Palestinian Health Ministry in financial crisis, WHO warns
1 September 2006 | Geneva/Stockholm - The Palestinian Health Ministry is facing a growing financial crisis as well as a humanitarian crisis, the World Health Organization (WHO) warned ahead of the Stockholm donor conference on the humanitarian situation in the West Bank and Gaza Strip. The health component of the revised UN humanitarian appeal for the territory is critically underfunded despite growing humanitarian needs, especially in Gaza.
The situation in the West Bank and Gaza Strip has been deteriorating due to a severe funding crisis and the recent escalation of violence, on top of five years of the Intifada. Military activity, restrictions on movement, a severe economic downturn and escalating unemployment have had an extremely negative impact on the health of the Palestinian people.
On Saturday, government employees in the West Bank, including health workers, began a strike to demand payment of their long-overdue salaries.
The funding crisis at the Ministry of Health has worsened since economic restrictions were imposed in March this year and now threatens the delivery of essential health services. The Ministry manages 60% of health services and all public health programmes in the territory. Should this crisis continue, the Palestinian health system will further deteriorate and services will be disrupted, with grave consequences for the health of the Palestinian people.
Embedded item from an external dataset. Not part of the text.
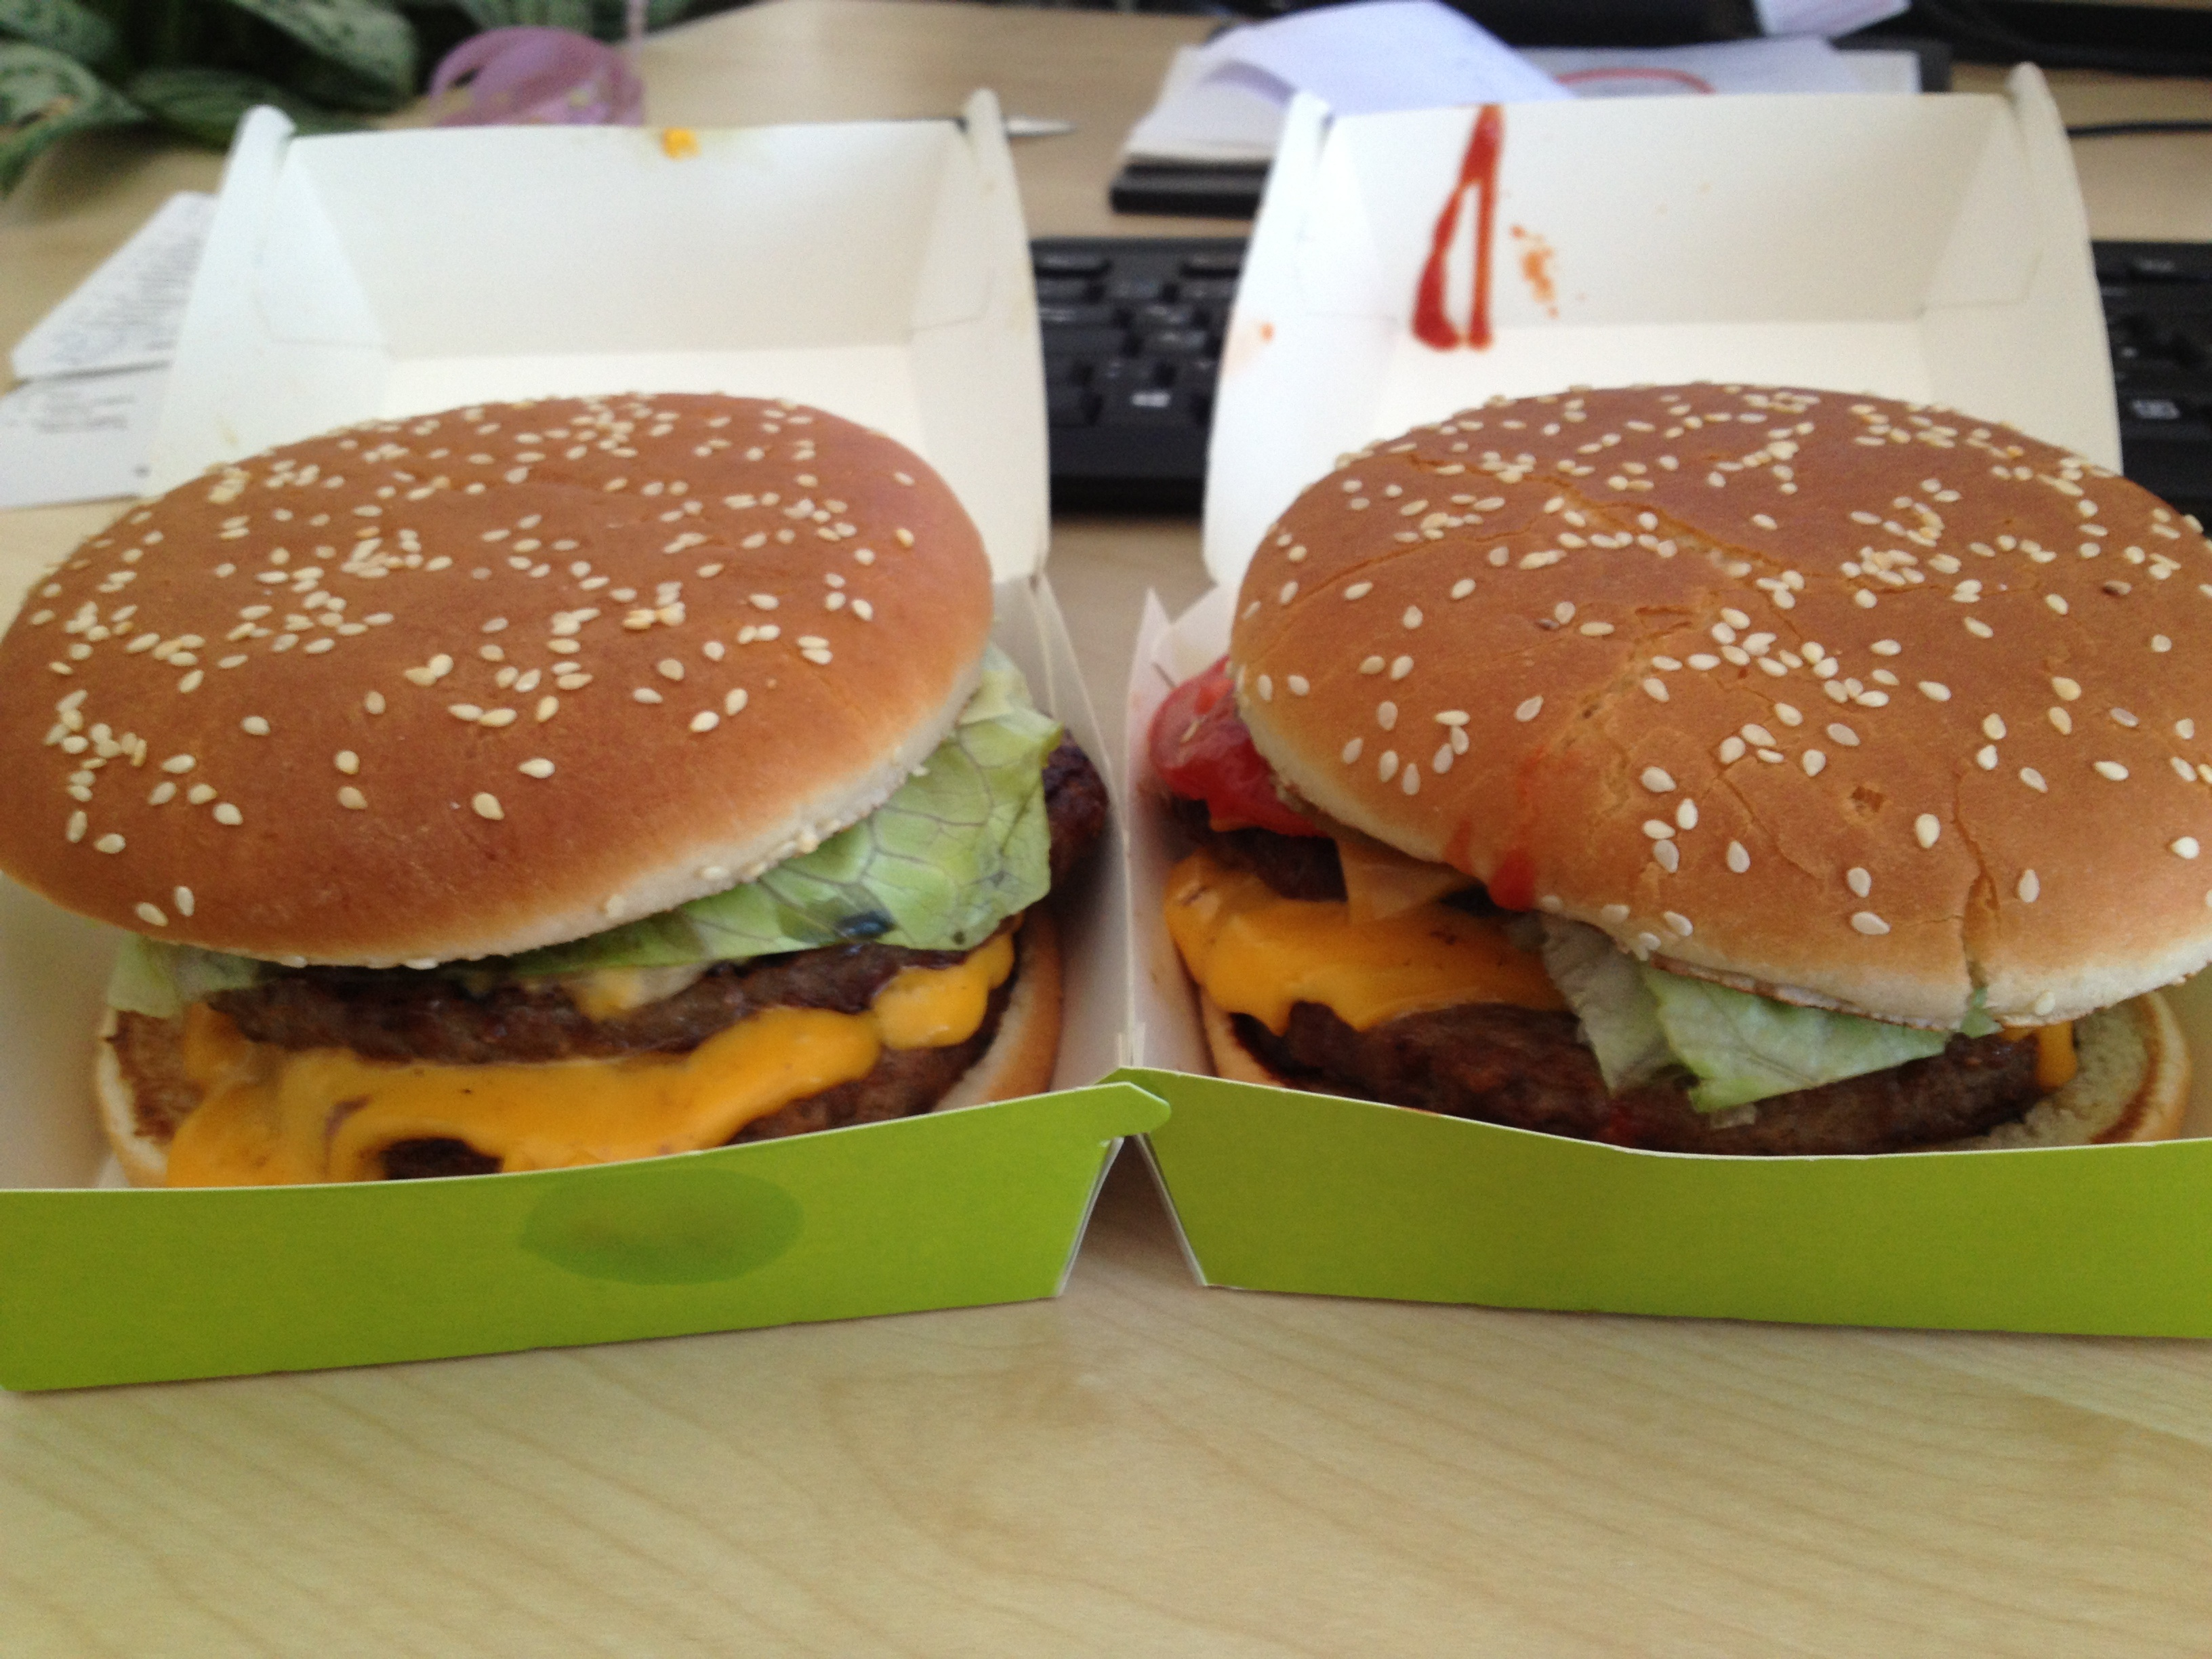 https://foodloader.net/BrollyLSSJ_2013-08-02_burgerme_-_2_DoubleMe_Cheeseburger.jpg

An early sign of this disruption is the alternating shortages of essential drugs and supplies reported by the Ministry.
"There are urgent needs including essential medicines and supplies that have to be met as soon as possible," said Dr Ala Alwan, Representative of the WHO Director-General for Health Action in Crisis. "WHO is responding to some of the most urgent needs from its internal resources but the funds available are limited. We hope that the international community will generously respond to this appeal so that we can make difference in the life and health of the Palestinian people."
"We can't continue unless we get our salaries," said a senior director in the Ministry of Health in Nablus, standing with other striking employees outside the hospital. "We have been quiet six months and can't be quiet any longer."
On Monday, WHO staff visited hospitals and primary health care facilities in Ramallah and Bethlehem districts. They found that hospital admissions and surgical operations are only accepted in very critical cases, once approved by a technical medical committee and the local strike committee. On Thursday, the Minister of Health underlined his concern over the ongoing strike in West Bank and made a call to the international community to renew its commitments in support of the health of the Palestinian population.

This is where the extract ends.